Metagenomics studies routinely perform deep sequencing of entire microbial DNA using various sequencing technologies (short- and long-reads). This can result in the need to scale data analysis over potentially TBs of data. A lack of standardization hinders the interoperability of tools within workflows that would facilitate data analysis. Developing the best analysis workflow is currently the biggest challenge for life scientists using metagenomics.

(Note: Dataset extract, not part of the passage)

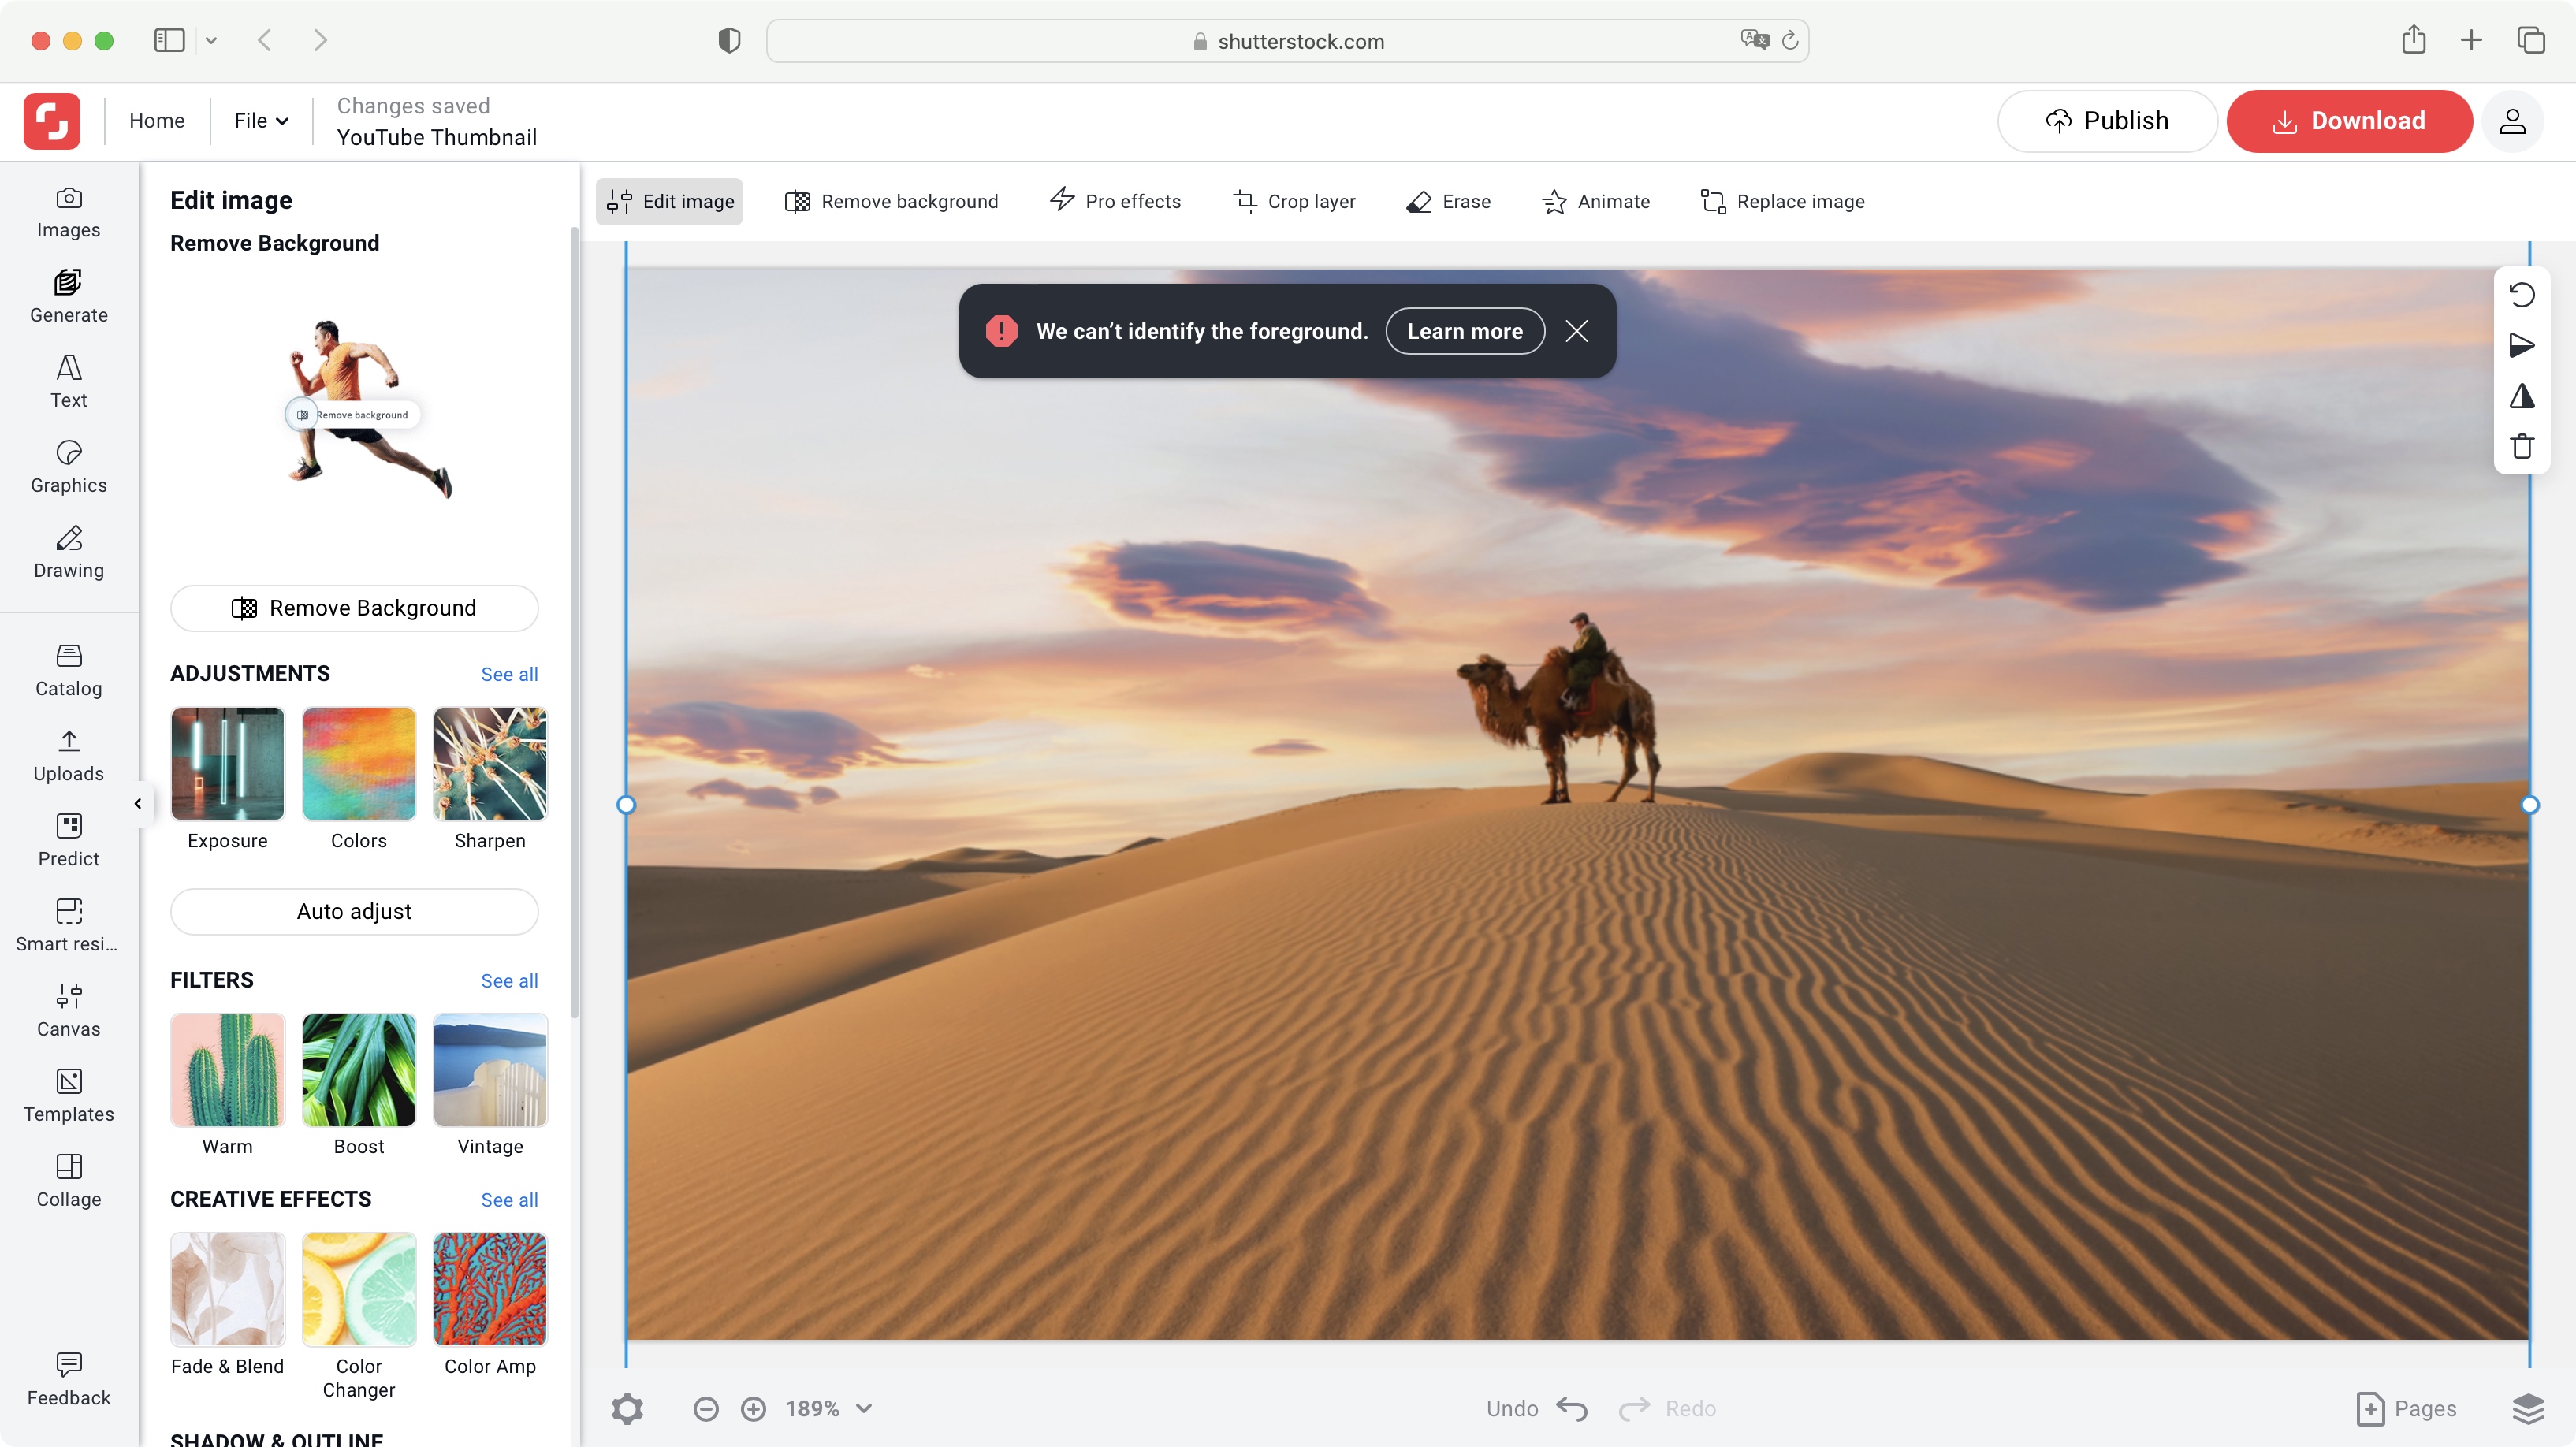 Shutterstock's Creative Flow Plus platform during our test and review process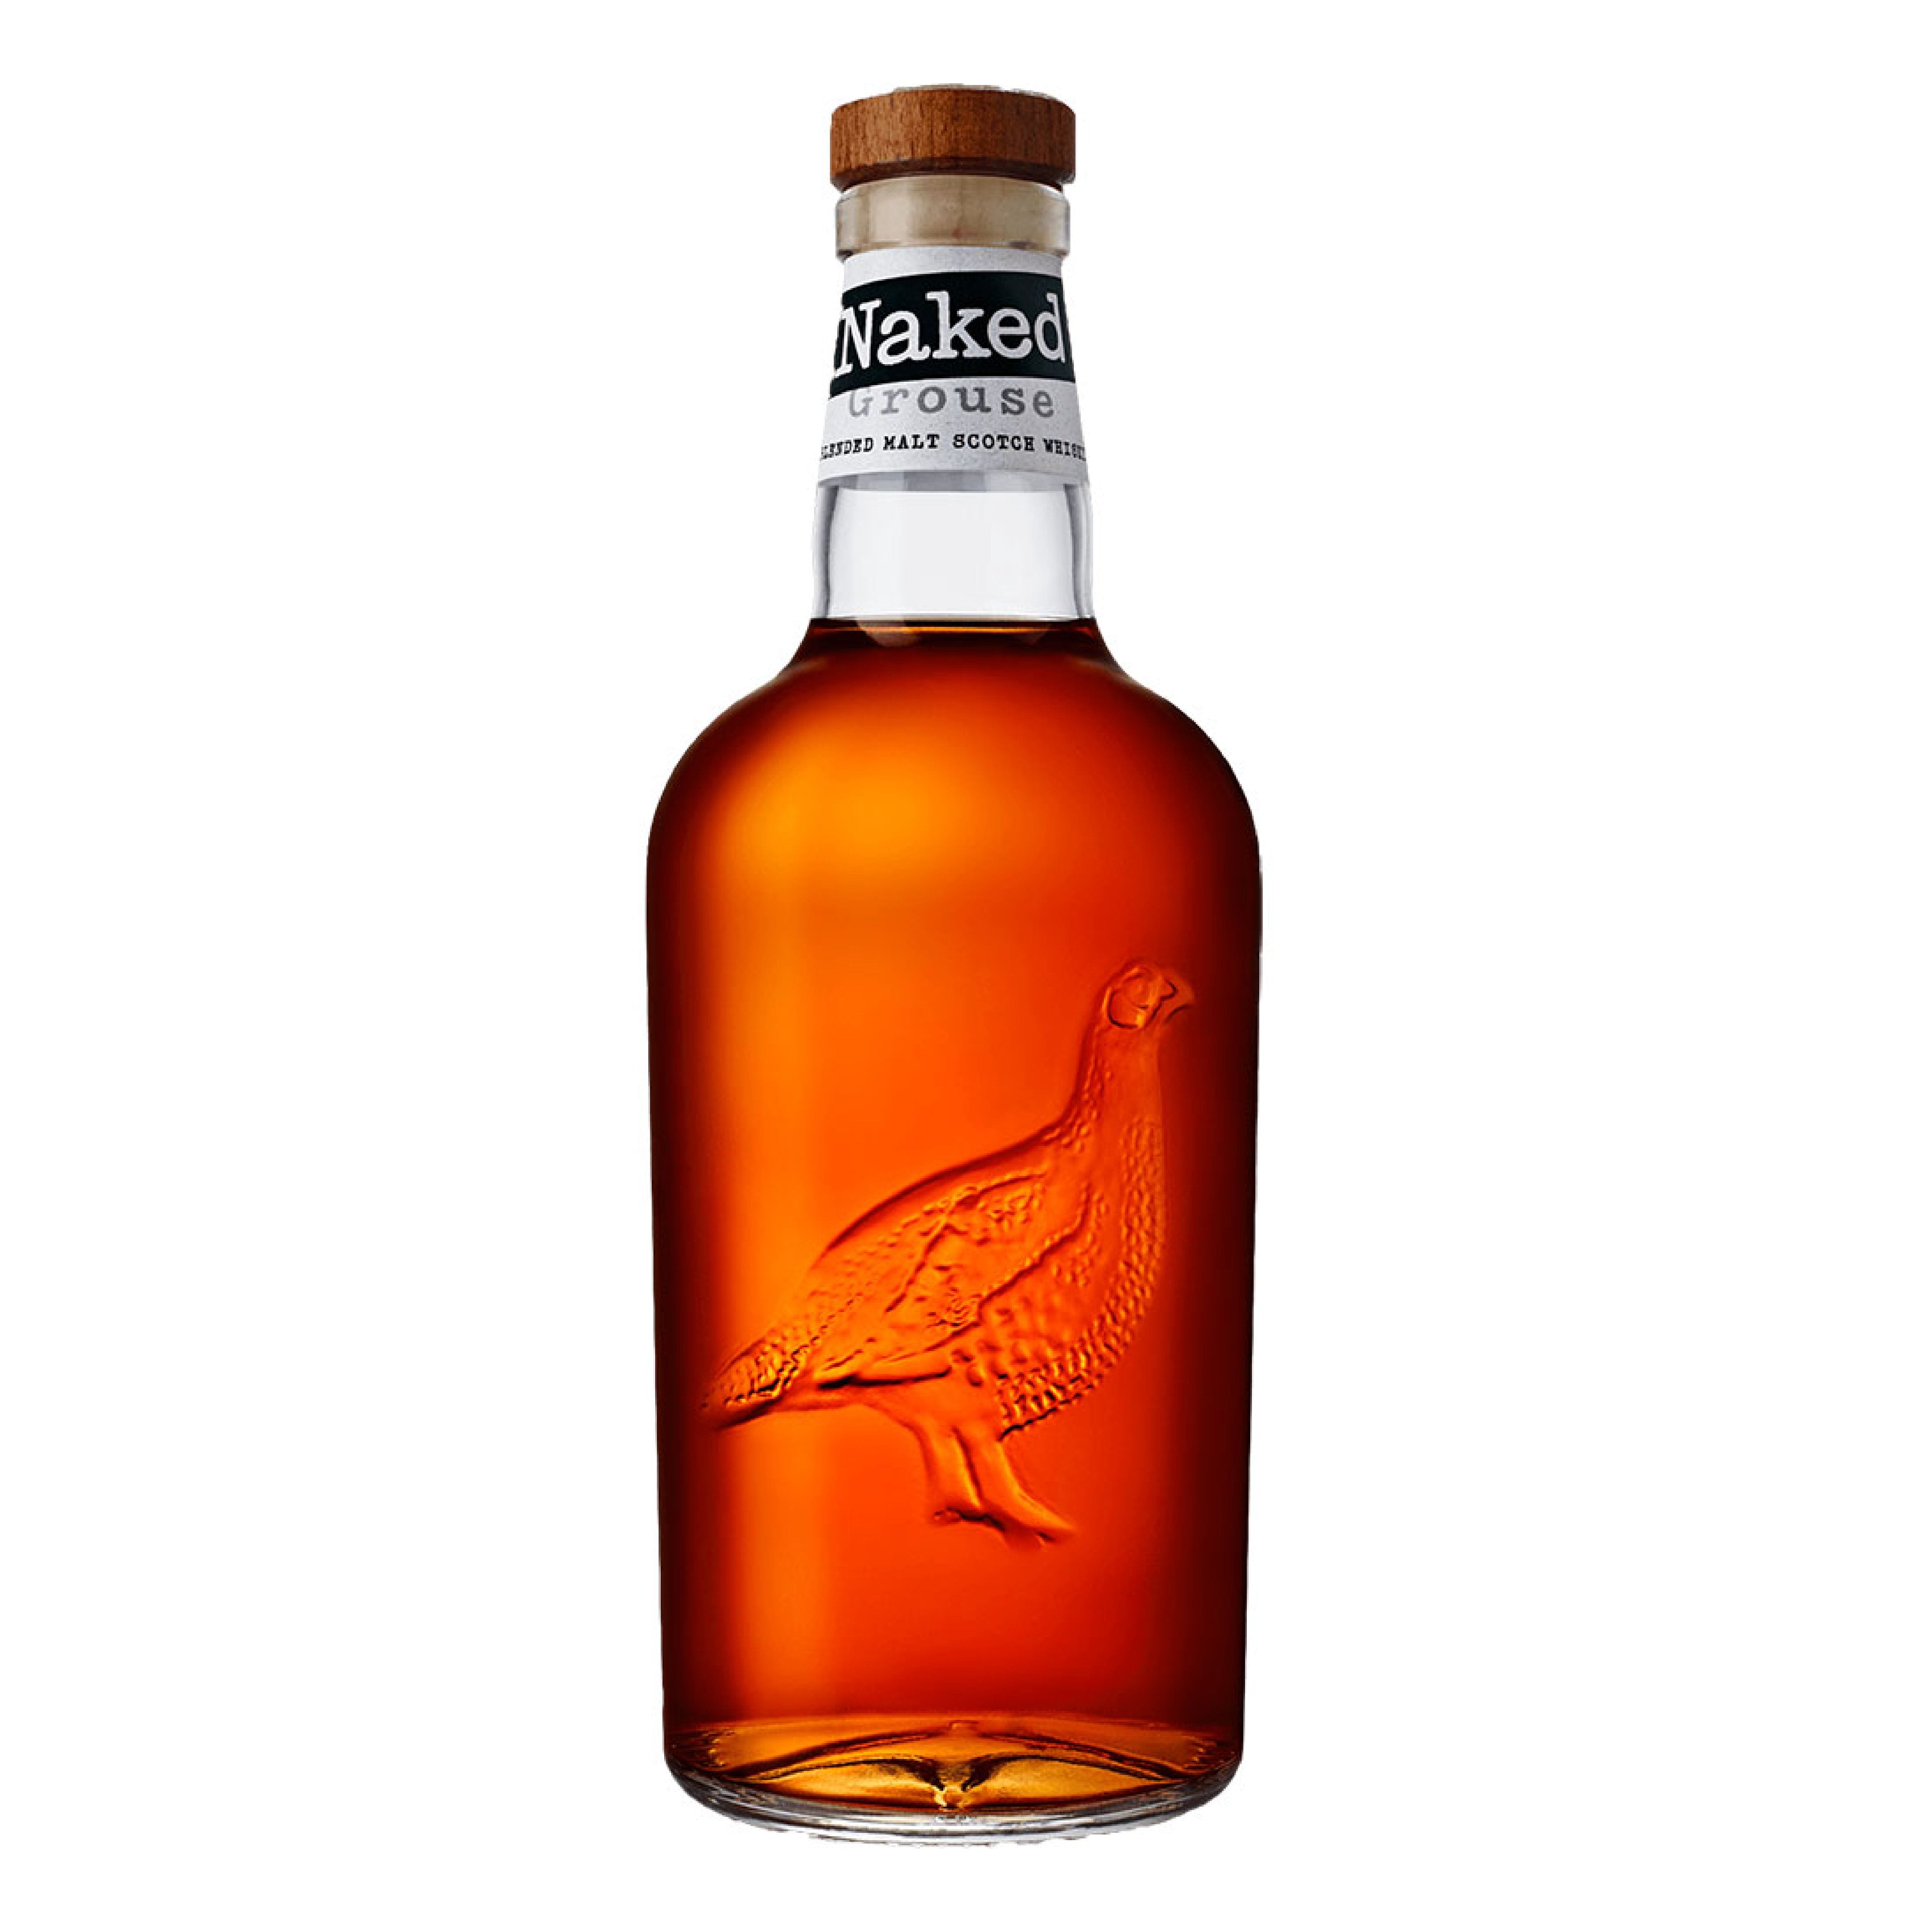 The Naked Grouse 700ml 01

This demonstrator project aims to democratise the analysis of microbiomes by providing metagenomics researchers with a toolkit for producing and re-using a range of analysis pipelines efficiently deployed on cloud computing infrastructures.
This Demonstrator proposes to standardize and facilitate the analyses of complex biomes, by using standardized interfaces/containers and integrate containerized workflow components (depending on the needs) within workflow descriptions (e.g.CWL). More specifically, they are combining EMGB (Elastic MetaGenome Browser) pipelines with CAMI’s benchmarking datasets and containers to produce biome and sequencing technology specific workflows, based on the best combination of tools. This process of combining pre-existing workflow components within a final workflow allows the rapid development of new pipelines and extension or modification of existing ones, depending on the needs and the microbiome complexity.
The CWL-based EMGB metagenome pipeline developed at Bielefeld University has been successfully deployed on two different de.NBI Cloud sites (Bielefeld and Gießen).
In a parallel activity, The EMBL-EBI team has been working on the development of a new version of Mgnify, that is a hub of data used for assembly analysis and archiving of microbiome data. This new version of Mgnify (v5.0) aims to increase reproducibility of the pipelines, the interoperability and the provenance of metagenomics resources and was successfully deployed on oracle cloud, embassy cloud and GCP.